Self-Hosted TLS Fingerprinting for Network Security: JA3/JA4 vs Zeek SSL vs Suricata TLS Analysis

Introduction

TLS fingerprinting is a passive network monitoring technique that identifies client applications and malware by analyzing the unique characteristics of their TLS handshakes. Every TLS client — whether it is Chrome, a Python script, or a malware command-and-control beacon — produces a distinctive fingerprint based on its supported cipher suites, TLS extensions, elliptic curves, and signature algorithms. By capturing and analyzing these fingerprints, security teams can detect unauthorized applications, identify malware families, and enforce network policy without decrypting traffic.

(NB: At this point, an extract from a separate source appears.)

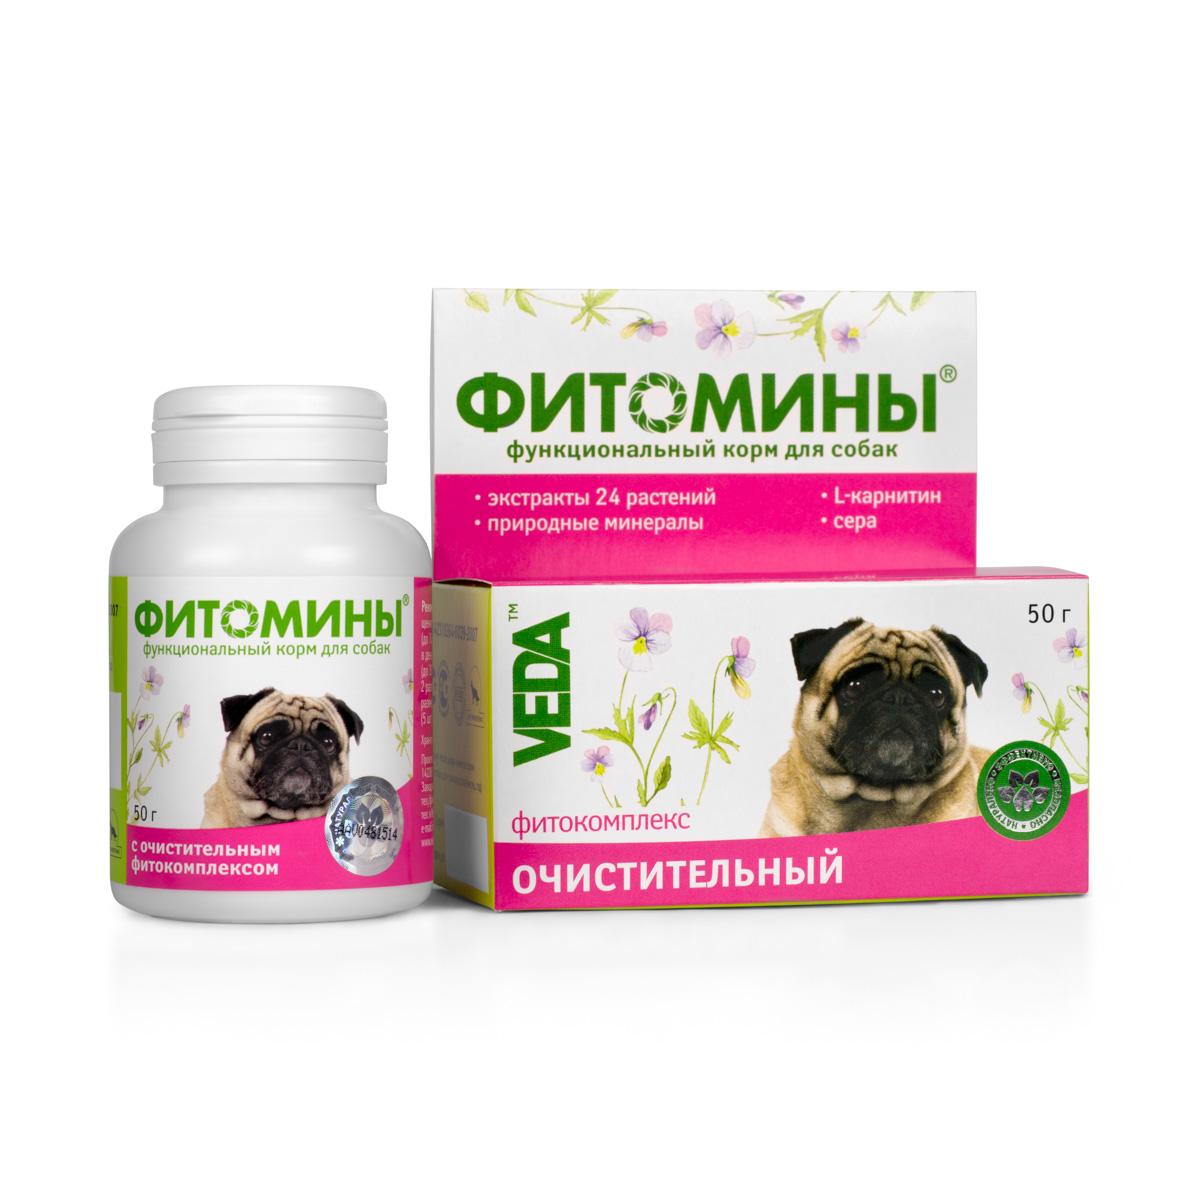 Фитомины функциональный корм для собак с очистительным фитокомплексом, 50 г4605543005978Для животных с проблемами желудочно-кишечного тракта. Активизирует пищеварение и стимулирует общий обмен веществ организма. Обладает желчегонным действием, умеренно стимулирует моторику кишечника, уменьшает содержание билирубина и холестерина в крови.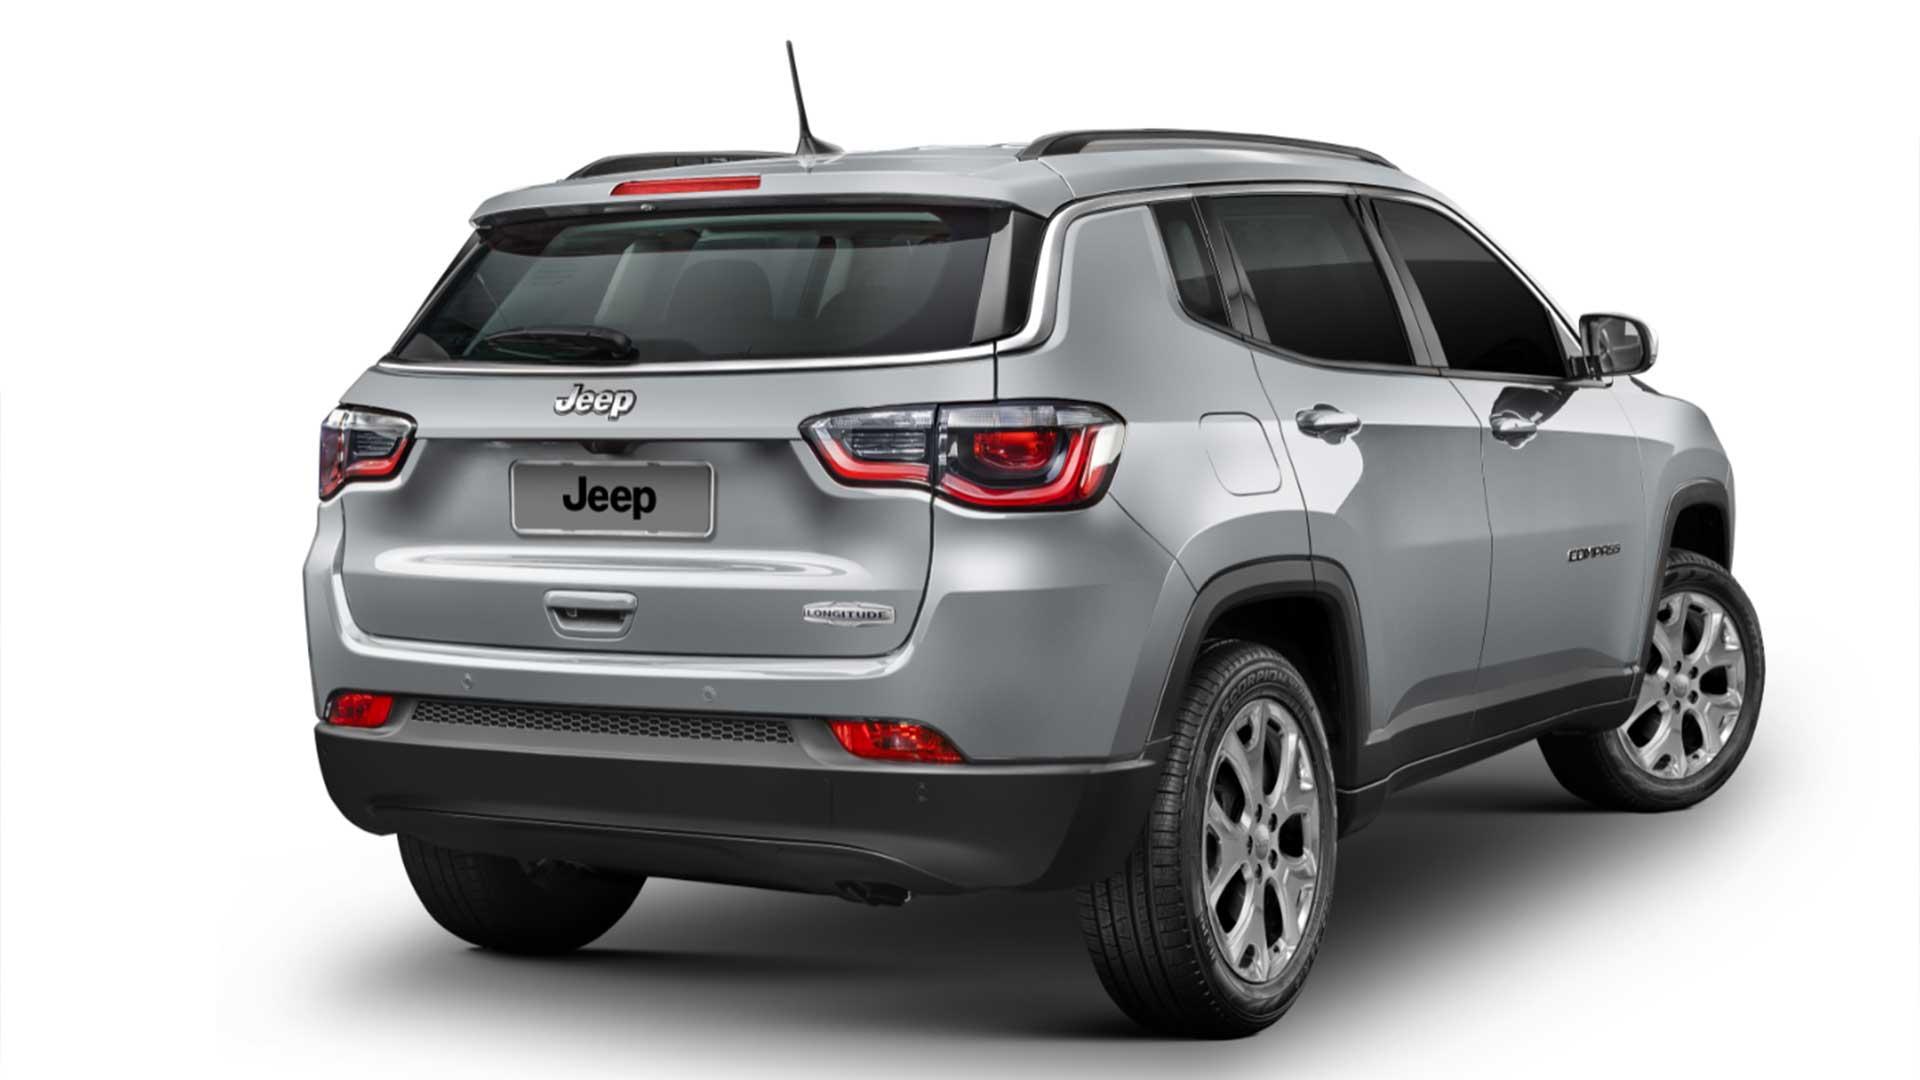 Carros por assinatura da FCA têm preços definidos e partem de R$ 1.350 por mês

This guide compares three approaches to self-hosted TLS fingerprinting: JA3/JA4, the industry-standard fingerprinting libraries from Salesforce and FoxIO; Zeek with its built-in SSL analysis and JA3 plugin; and Suricata with TLS fingerprinting and signature-based detection. Each tool serves a different operational niche, from lightweight Python-based fingerprint generation to full-scale network security monitoring platforms.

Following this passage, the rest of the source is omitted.